ENT Specialists offers hearing consultations to determine whether improved hearing will be best achieved through hearing aids, assisted listening devices or modifying listening situations. Many seniors are apprehensive about hearing aids; however, the technology in hearing aids has improved to provide a small and comfortable device with a cleaner sound than hearing aids of the past.”
Lisa Arp with SilverRidge Assisted Living has this advice for the children of seniors: “Medicare, Medicaid and Social Security may not be there for some of us. Long Term Care insurance is right now as important as Health Care Insurance. Talk to your insurance provider and see what policy would best suit you. I cannot stress enough the importance of this insurance.” When you are going through eldercare issues with your own parents, it’s easy to see how important financial considerations are and this is the ideal time to start making provisions for your own retirement and beyond.

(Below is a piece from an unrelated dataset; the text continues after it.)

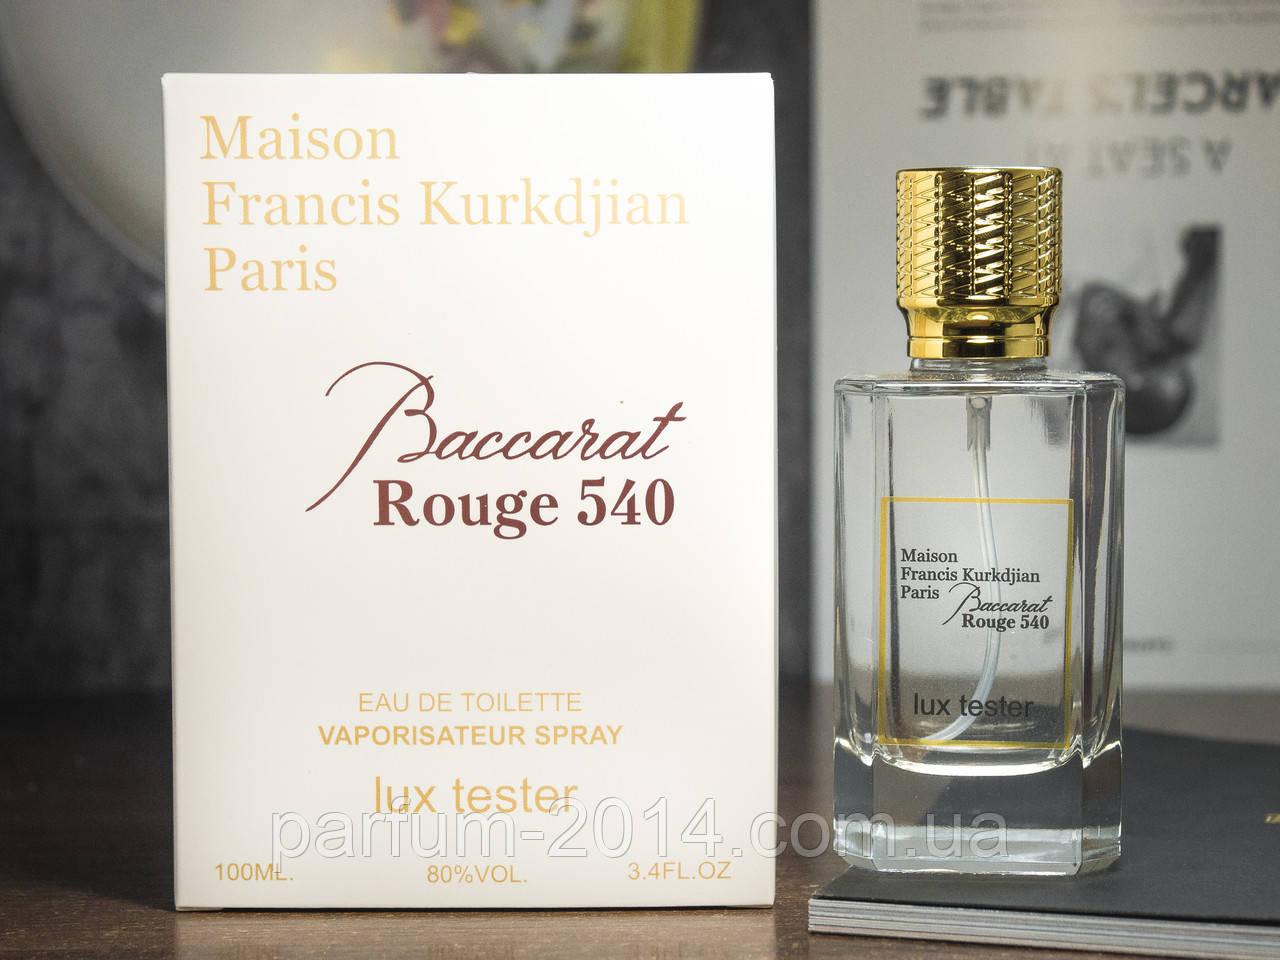 Унисекс аромат бакарат Baccarat Rouge 540 100 мл (лиц) аромат запах духи пробник тестер tester

It can be very difficult being the child of a parent or parents who are aging and in need of assistance or a change in living environment. We are often already overwhelmed with our own lives and trying to take care of a career, our children and everything else we need to handle on a day-to-day basis. It can be very easy to get overwhelmed, which is not helpful for us or for our loved ones.

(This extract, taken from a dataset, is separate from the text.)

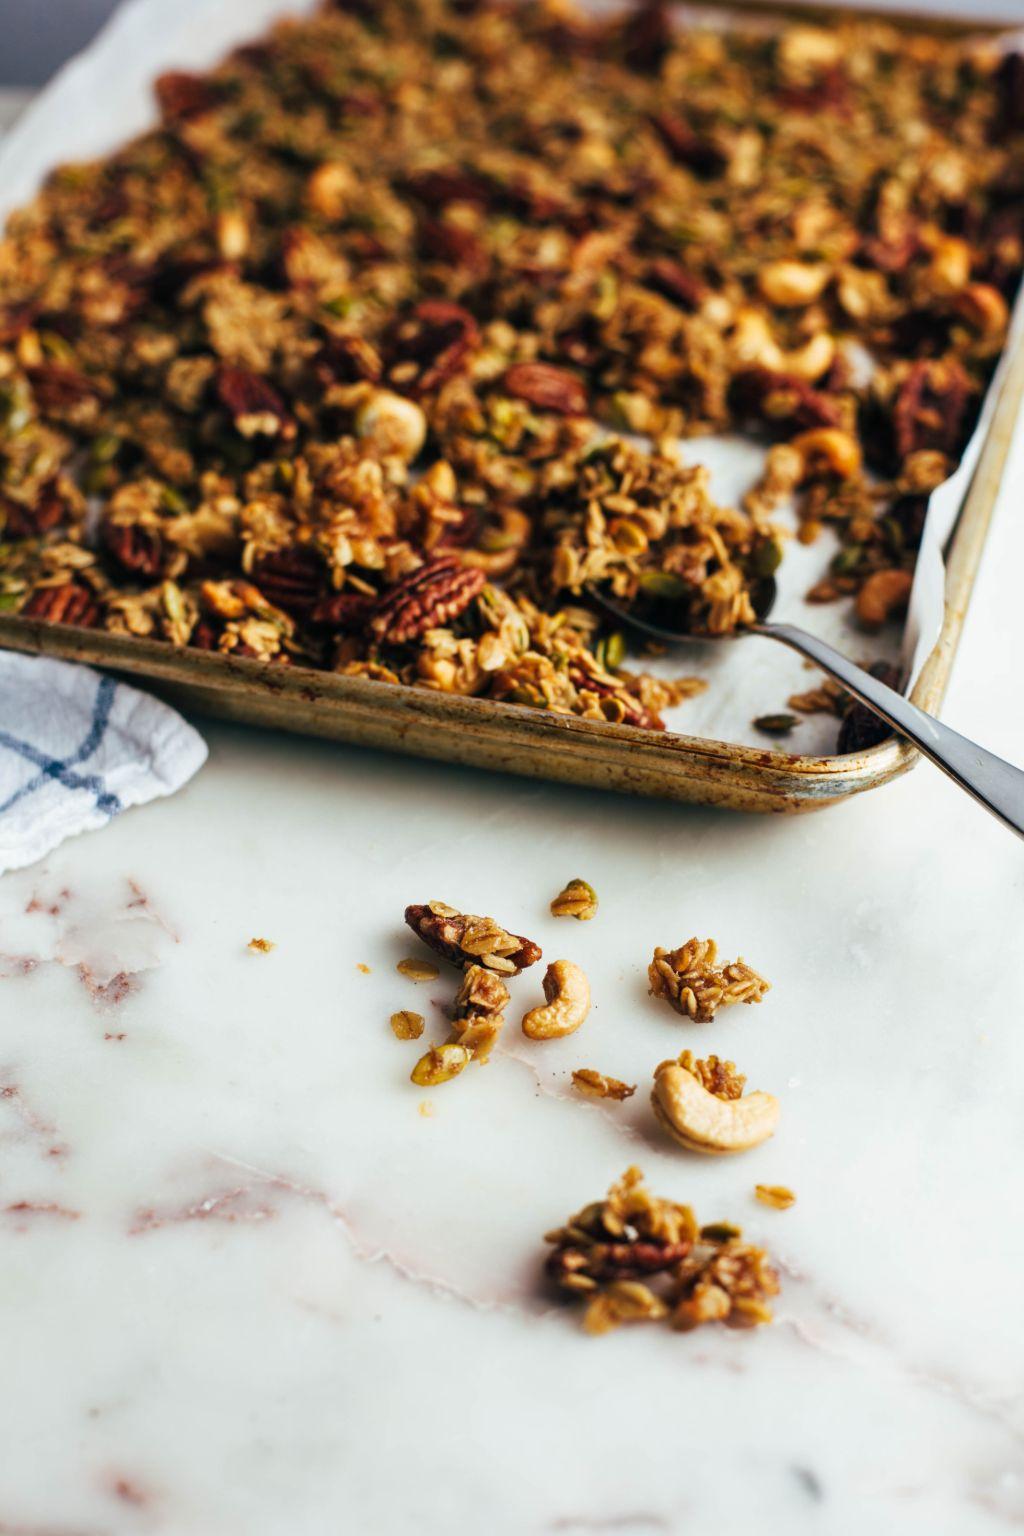 Banana Nut Granola - Tastemaker Blog

However, with the help of the wonderful resources available in the Omaha area, you can ease the pressure from your shoulders and ensure you are making the best decisions. Tammy Weston with Nebraska Skilled Nursing and Rehabilitation sums it up with, “Above all, listen to your parent. Respect their wishes and allow them to be part of the decision making. Have patience and do not put yourself into the role as the caregiver prematurely. Your parent will be much more accepting of help if they still have a role in the transition.”